# Destin Grouper



## DF2 (Feb 24, 2010)

First post for a long time troll 

Went grouper hunting SE of Destin Sat 5/18 with my 2 sons. Wanted to go to 15 miles SE but pulled up short due to not quite ideal sea conditions. Ended up on the broken bottom. Boats on the first 2 rock we looked for, moved to a third (unoccupied) rock. Started with 3 highly endangered Red Snapper, all approx. 10 lbs. Caught a 20# red grouper, a small shark, and a large king on an hardtail. King was estimated at 35-40 lbs (nice fish). Only kept the grouper. No pics for the king, he broke the rod at the boat :thumbdown:. All the good fish caught on live pinfish. Dead cigar minnows produced 3 squirrelfish.

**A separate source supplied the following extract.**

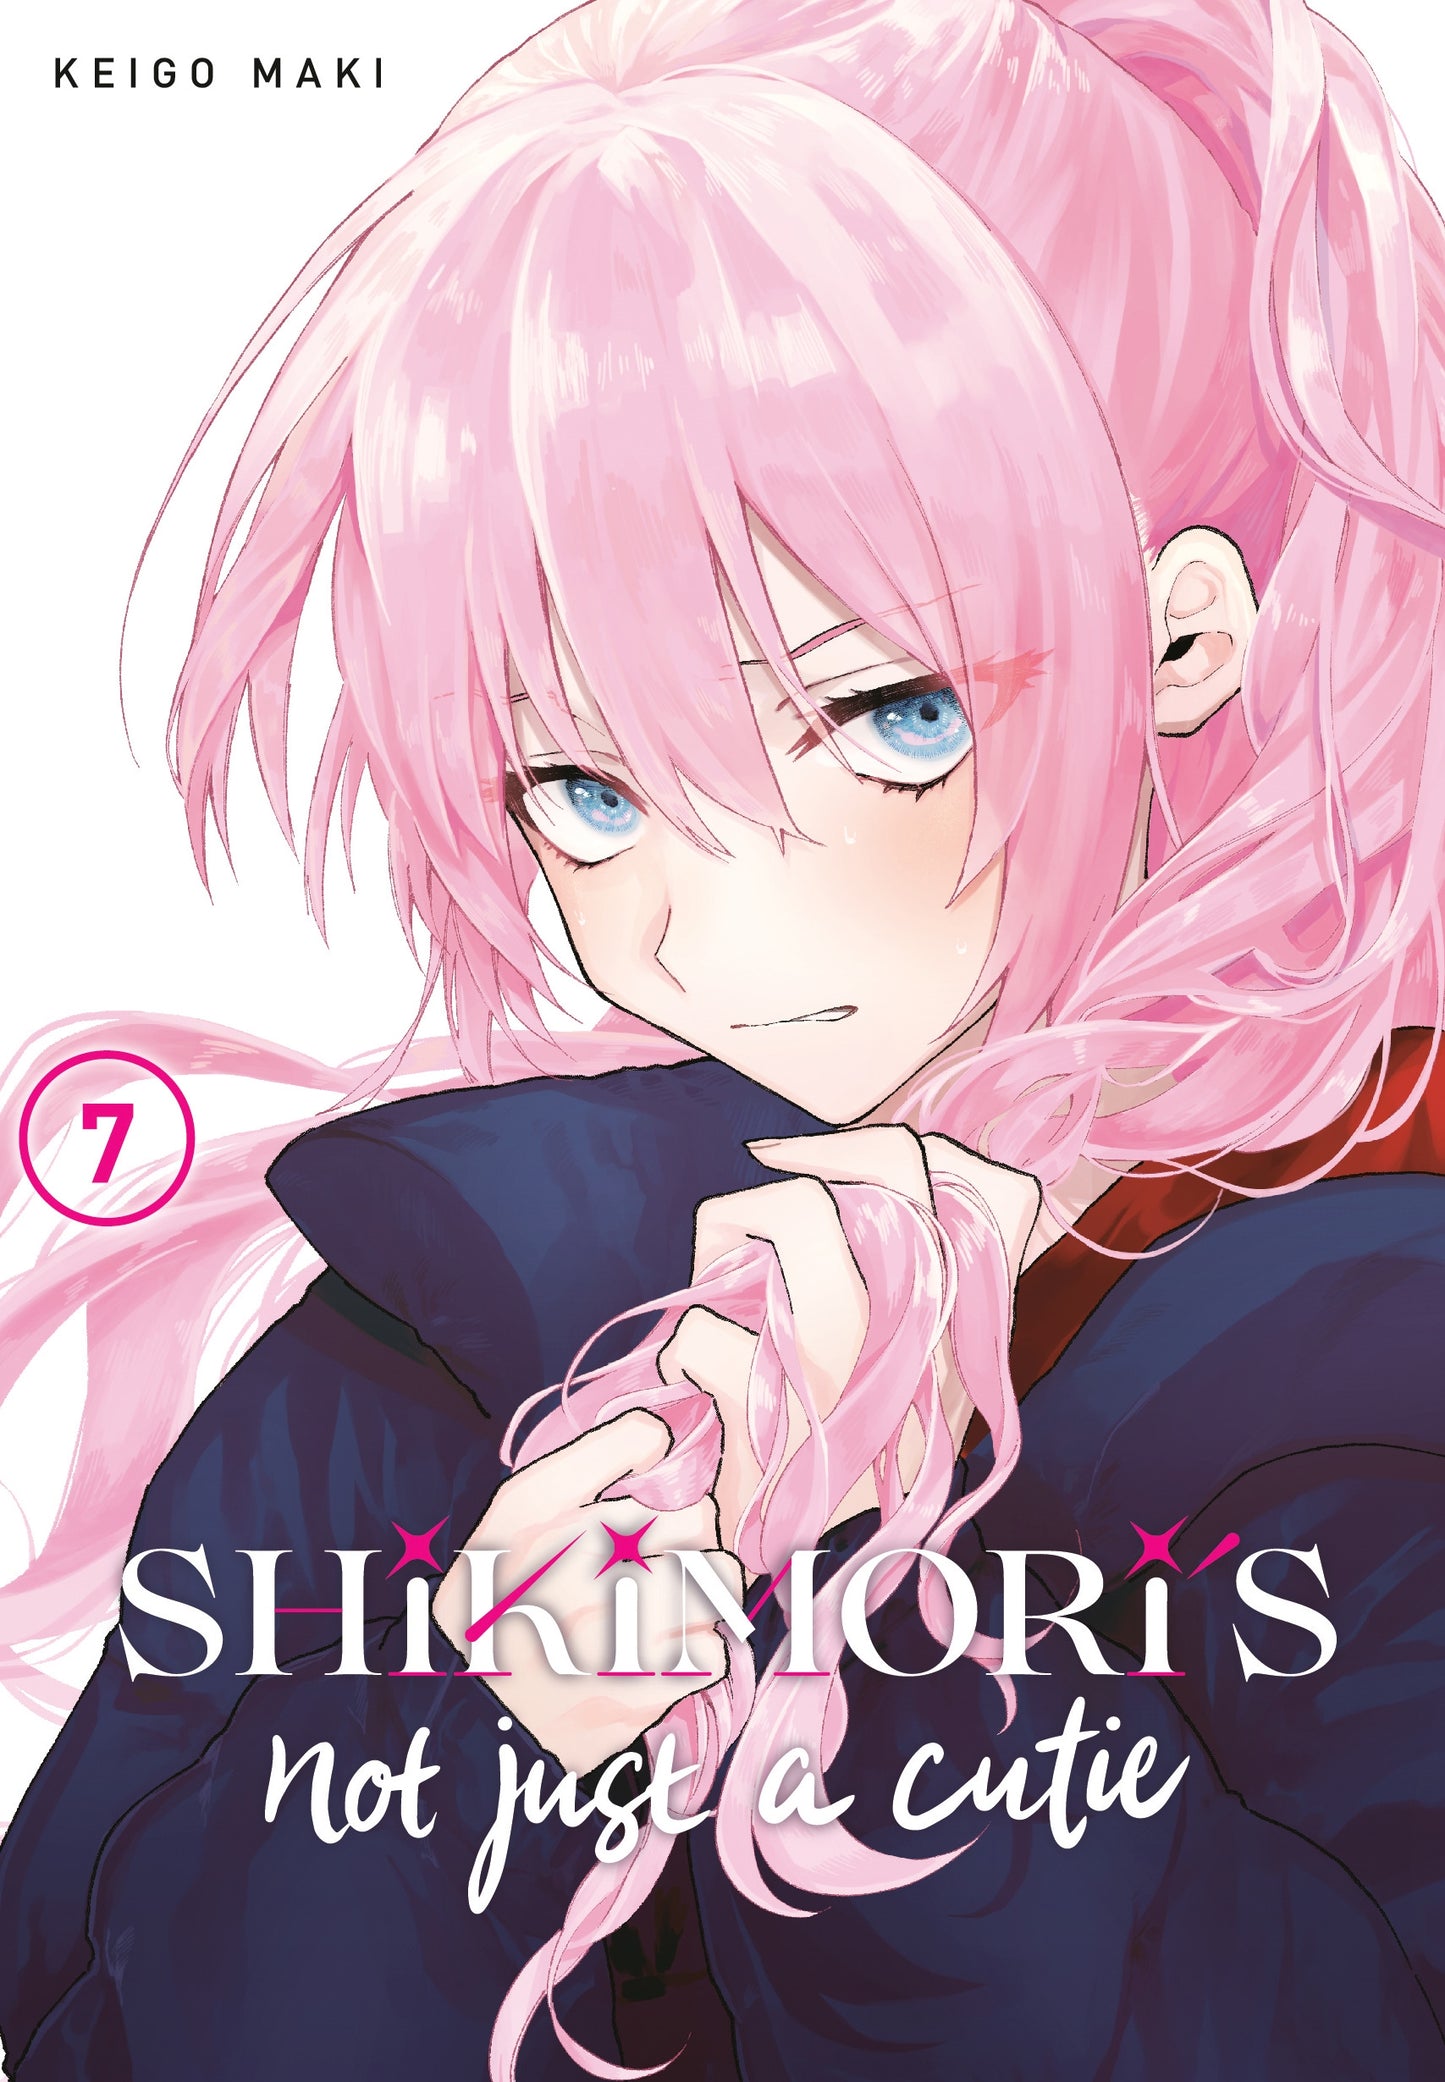 Shikimori's Not Just a Cutie 7 - Manga Warehouse

Good day on the water with my boys.


----------



## lobsterman (Sep 30, 2007)

Welcome aboard and glad you posted your catch and it is always a great day when you are on the water with family.


----------



## Frank MC (May 22, 2013)

Nice Catch!!!!


----------



## Fish N Tales (Jun 14, 2012)

Nice report, what kind of boat are you running?


----------



## catdad100 (Nov 17, 2009)

Seems like the wind is coming from SE evertime I plan a trip that way had to change my plans and fish closer many times myself those big kings have a way of pulling a houdini right at the boat guess thats how they managed to get that big in the first place.


----------



## DF2 (Feb 24, 2010)

Fish,

Proline 231 walkaround cuddy
Roughly 50,000 miles on it 

Great boat


----------



## Fish N Tales (Jun 14, 2012)

DF2 said:


> Fish,
> 
> Proline 231 walkaround cuddy
> Roughly 50,000 miles on it
> ...


Awesome!


----------



## pilotkal (May 31, 2012)

thanks for the report and congrats on the fish nice haul.


----------